Дрожат руки, ноги, внутри все дрожит, болят пальцы, ноги в огне, он снимает ботинки, взялся руками за ступни… Что же это такое, как могли такое позволить почему…
Его мешок рядом, но он и курить не может, сунул было по привычке достать табак и отдернул руку, нельзя курить в боксе, вытащат, поведут обратно… Что хотите, что угодно, только не туда!.. За что, почему мной так…
Дверь открывается.
— Выходи!
Старшина. Коренастый, рыжий, глаза странные…
— Оставь барахло.
— У меня тут…
— Сказано — без вещей!
Куда ж это, если без вещей… Значит, не назад, не в камеру… Коридоры, лестницы, переходы, туннели… В больничку?!
Светлый линолеум, чисто, двери… Просто двери в белой масляной краске… Еще одна лестница, деревянная…
Старшина открыл дверь, что-то сказал, кивает…
Он входит. Светло, чисто, за письменным столом майор… Тот самый, из того страшного сна: черный, до синевы выбритые щеки, толстые руки на столе, поросли черным волосом…
— Садитесь… Тихомиров Георгий Владимирович.. Статья сто семьдесят третья… Что с вами случилось?
— Я… Я прошу вас… Я не могу находиться в той.
— Почему не можете?
— У меня… болит сердце, душно…
— Вы были на больнице?
— Был.
— Сколько там пробыли?
— Два… месяца.
— Как два месяца?.. — смотрит бумаги на столе. Два с половиной, почти три!.. — Вы в тюрьме или в санатории?
— У меня…
— Если не ошибаюсь, мы с вами уже видались?

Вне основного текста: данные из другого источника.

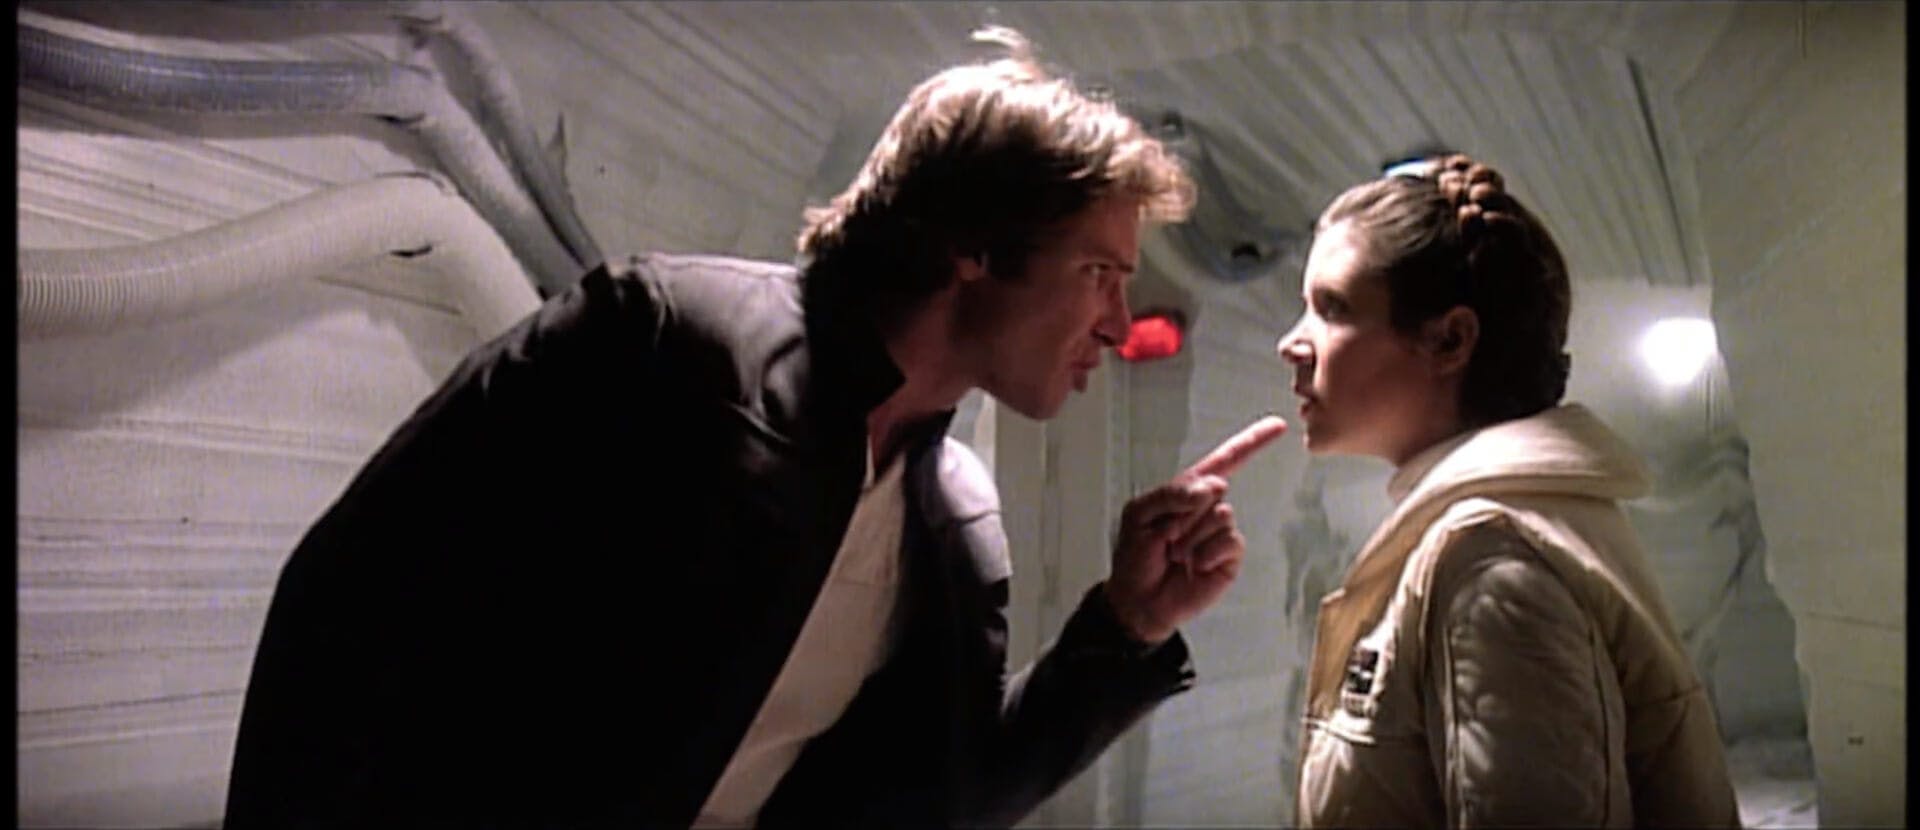 The Empire Strikes Back - Han and Leia
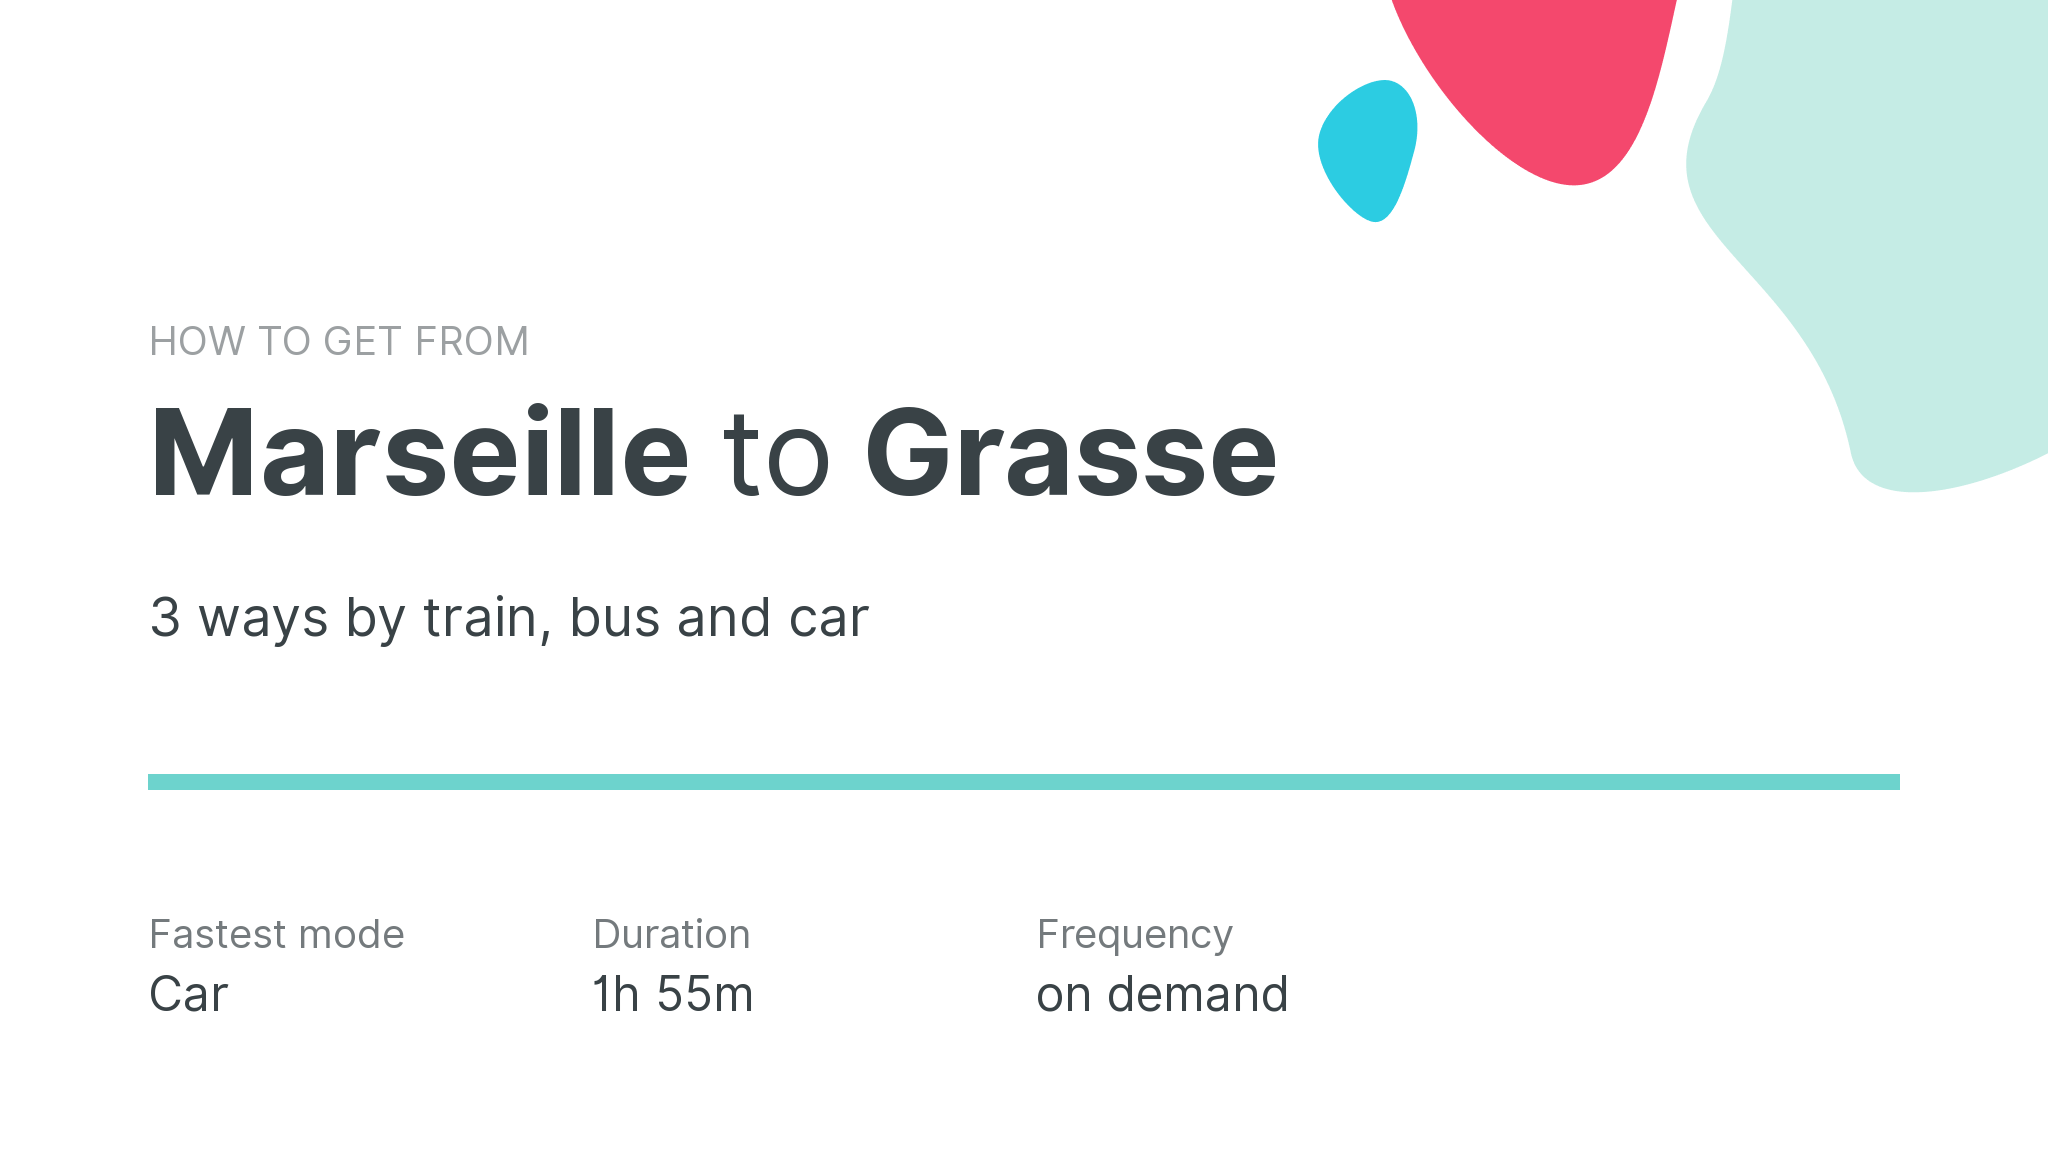 How do I get from Marseille to Grasse

— Неет… Я вас никогда не… видел.
— Не видел и… Не слышал?
— Я вас никогда не видел, никогда не слышал.
— Хорошо. Что произошло сегодня в камере?
— Не знаю… Я проснулся от того, что… горели ноги…
— Горели?
— Не горели, но… Я очень прошу вас, гражданин майор, не отправляйте обратно, я… У меня не хватит …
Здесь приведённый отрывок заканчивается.